Ich fand es süß, wie er sich um mich kümmerte. Jedoch hielt er nur sein Wort. Nicht mehr und nicht weniger. Das durfte ich nicht vergessen.
Außerdem war er schwul.
Auch, wenn er nicht mit Jean zusammen war, wie er uns vorhin mitgeteilt hatte. Auf einer Seite freute ich mich sogar. Aber andererseits waren die beiden auch einfach zu verschieden. Er hätte mit Álvaros Schmerz und Vergangenheit nicht so gut umgehen können, dazu war Jean einfach zu quirlig und fröhlich.
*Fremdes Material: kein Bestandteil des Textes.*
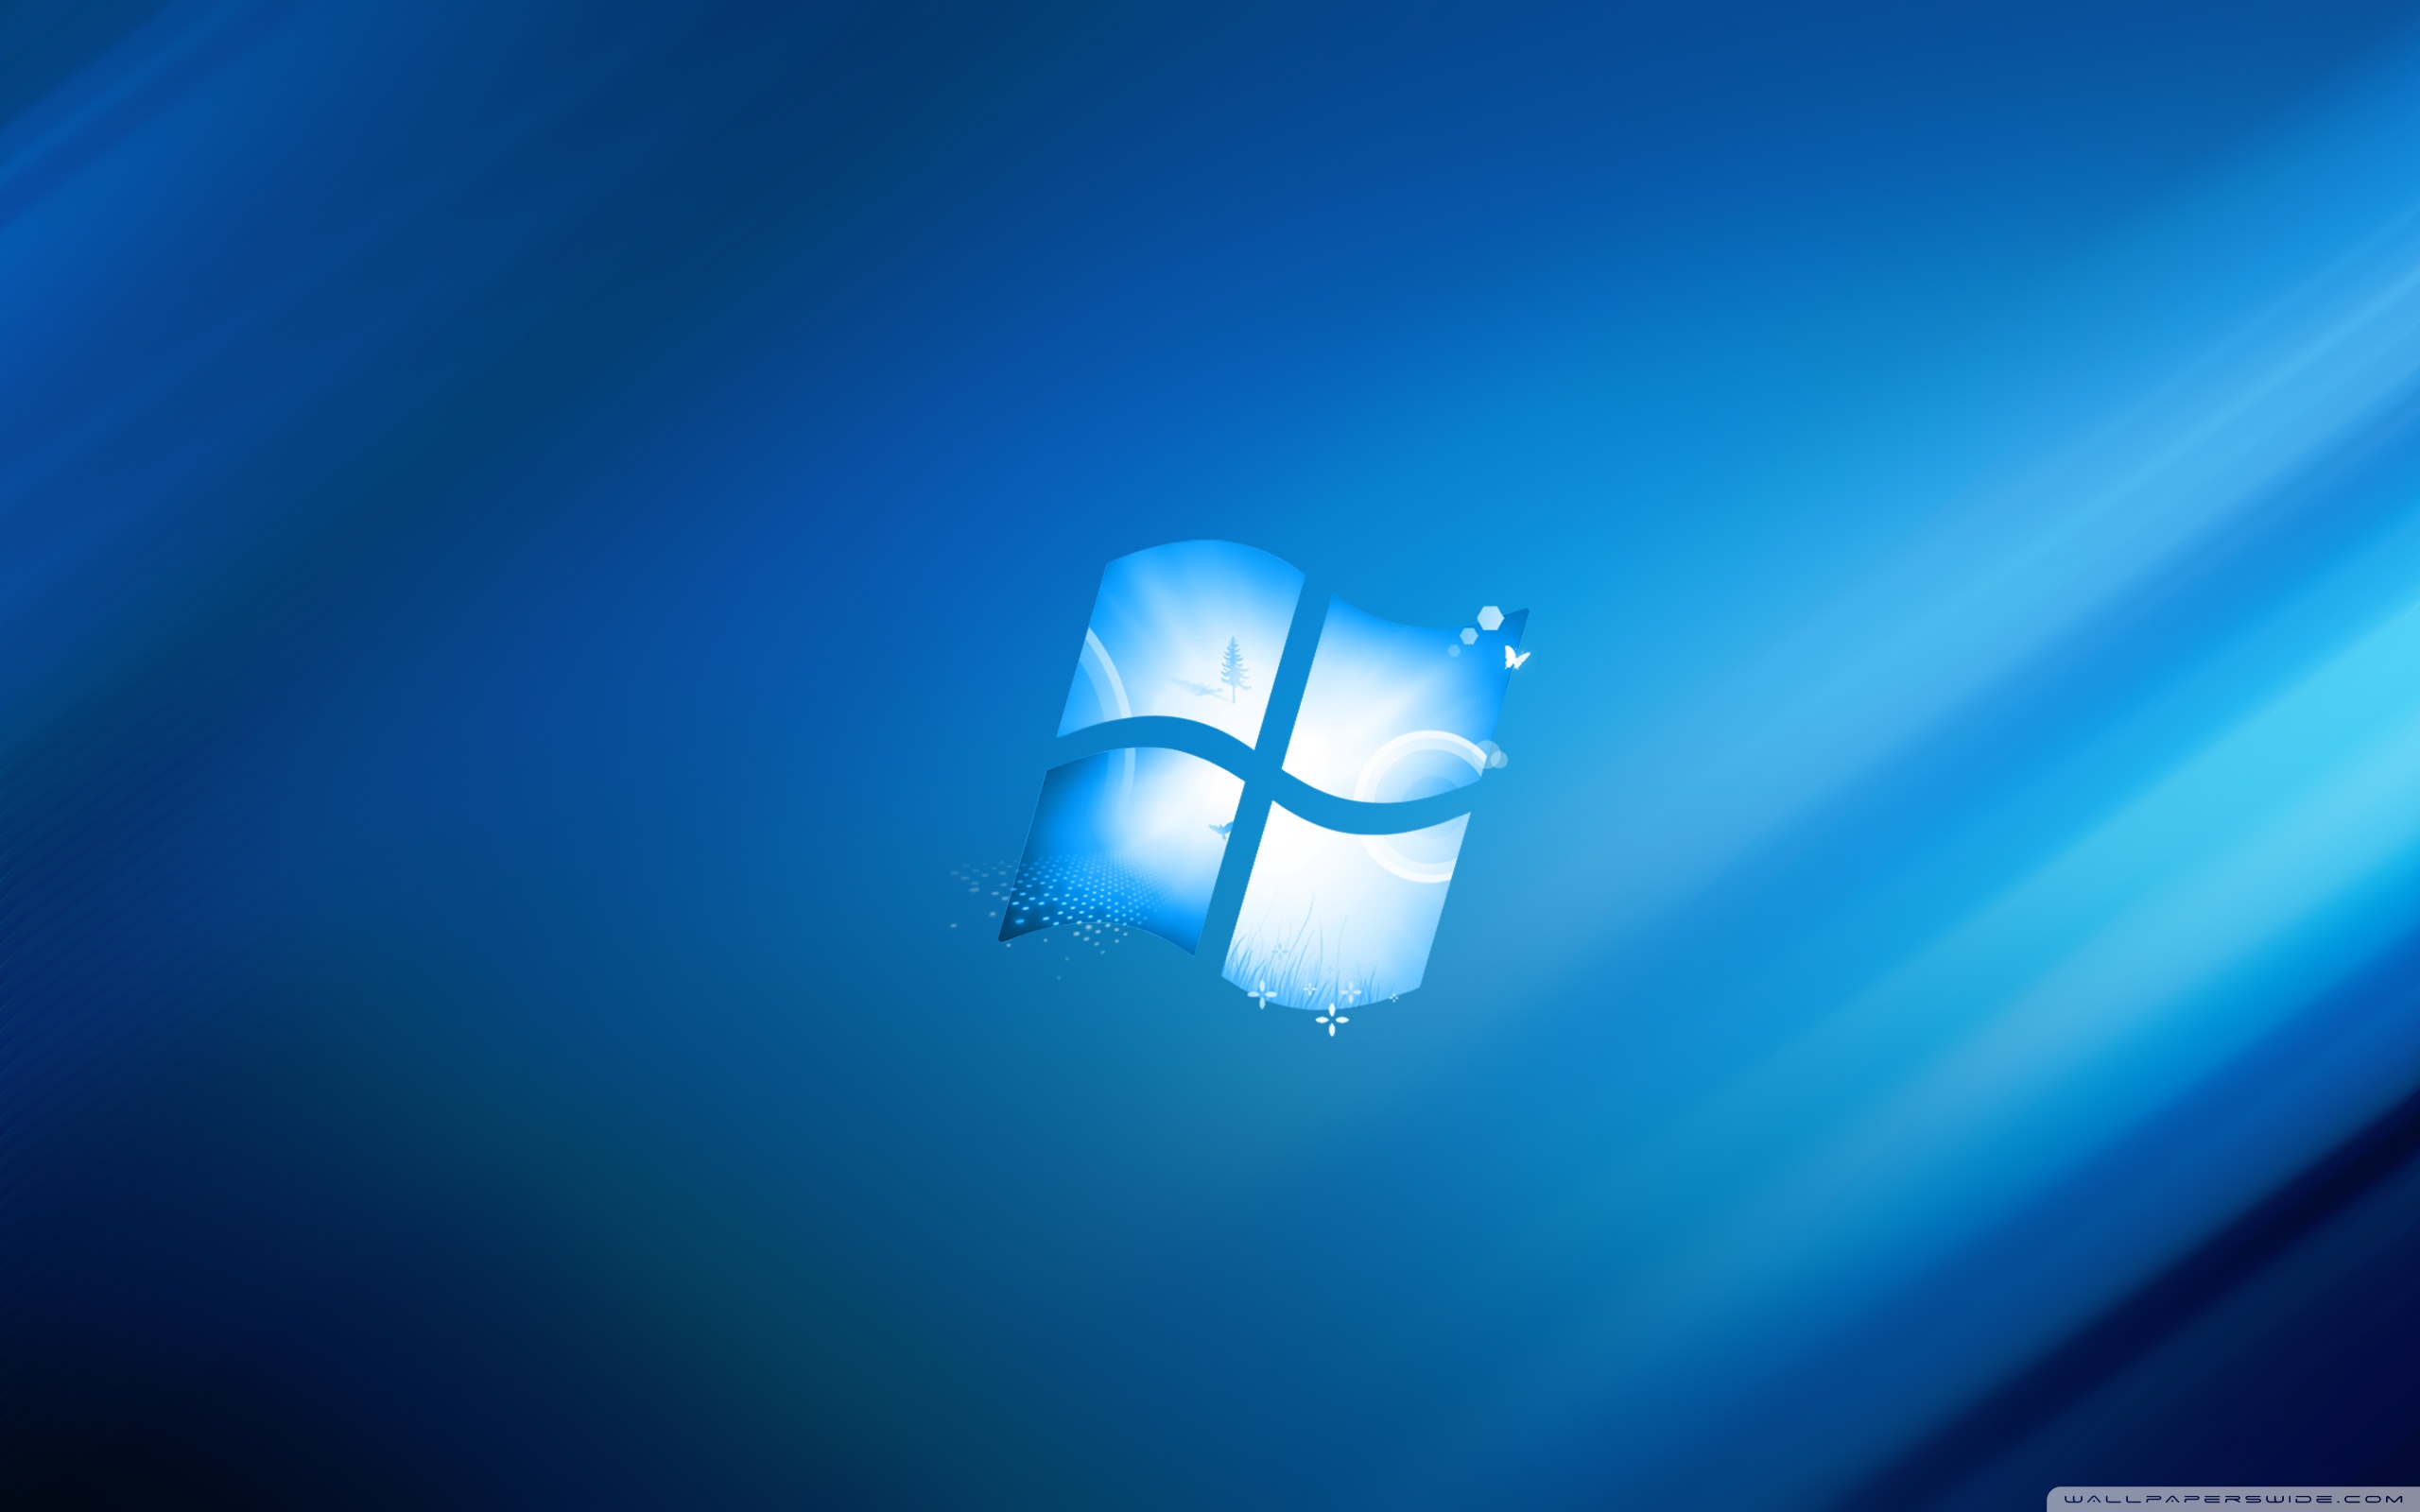 Cập nhật ngay hình nền Windows 8.1 độ phân giải 2560x1600 miễn phí để trang trí cho máy tính của bạn thêm hấp dẫn và chuyên nghiệp. Hãy tải xuống ngay để trải nghiệm chất lượng hình ảnh tốt nhất và tìm thấy đúng bức hình mà bạn thích.

Ein kleines Fünkchen Hoffnung keimte in mir. Hoffnung, dass ich Álvaro bekommen könnte. Doch ich erstickte den Gedanken im Keim. Es war so unrealistisch.
Wir erreichen das Haus, in dem ich wohnte. Wortlos hielt ich an. »Wir sind da«, erklärte ich gähnend und lehnte mich an den Türrahmen, meine rechte Schulter berührte das Holz der Tür.
Álvaro kam näher. »Okay.« Als er nur noch wenige Zentimeter von mir entfernt war, hielt er inne.
Meine Finger zuckten, so stark war das Verlangen, ihm durch seine dunklen Haare zu fahren. Unbewusst biss ich mir auf die Unterlippe. »Ja.«
»Dein Hals sieht schon besser aus. Morgen früh sollte nichts mehr zu sehen sein.« Mit diesen Worten beugte er sich vor. Zärtlich leckte er über meine Wunde.
Sofort breitete sich eine heftige Gänsehaut über meinen ganzen Körper aus und nur schwer konnte ich ein Stöhnen unterdrücken. Mein Kopf sank nach hinten gegen den Türrahmen.
Langsam löste er sich von mir. »Schlaf gut, Lucinda. Wir sehen uns morgen. Gute Nacht.« Álvaro schenkte mir sein bezauberndes Lächeln, dann drehte er sich um und ging, ohne dich nach mir umzudrehen.
»Gute Nacht, du auch«, murmelte ich, obwohl er es nicht mehr hören konnte.
Das Herz schlug mir bis zum Hals und die eisblauen Schmetterlinge mit den blutroten Tupfen tanzten wild und chaotisch durch meinen Bauch.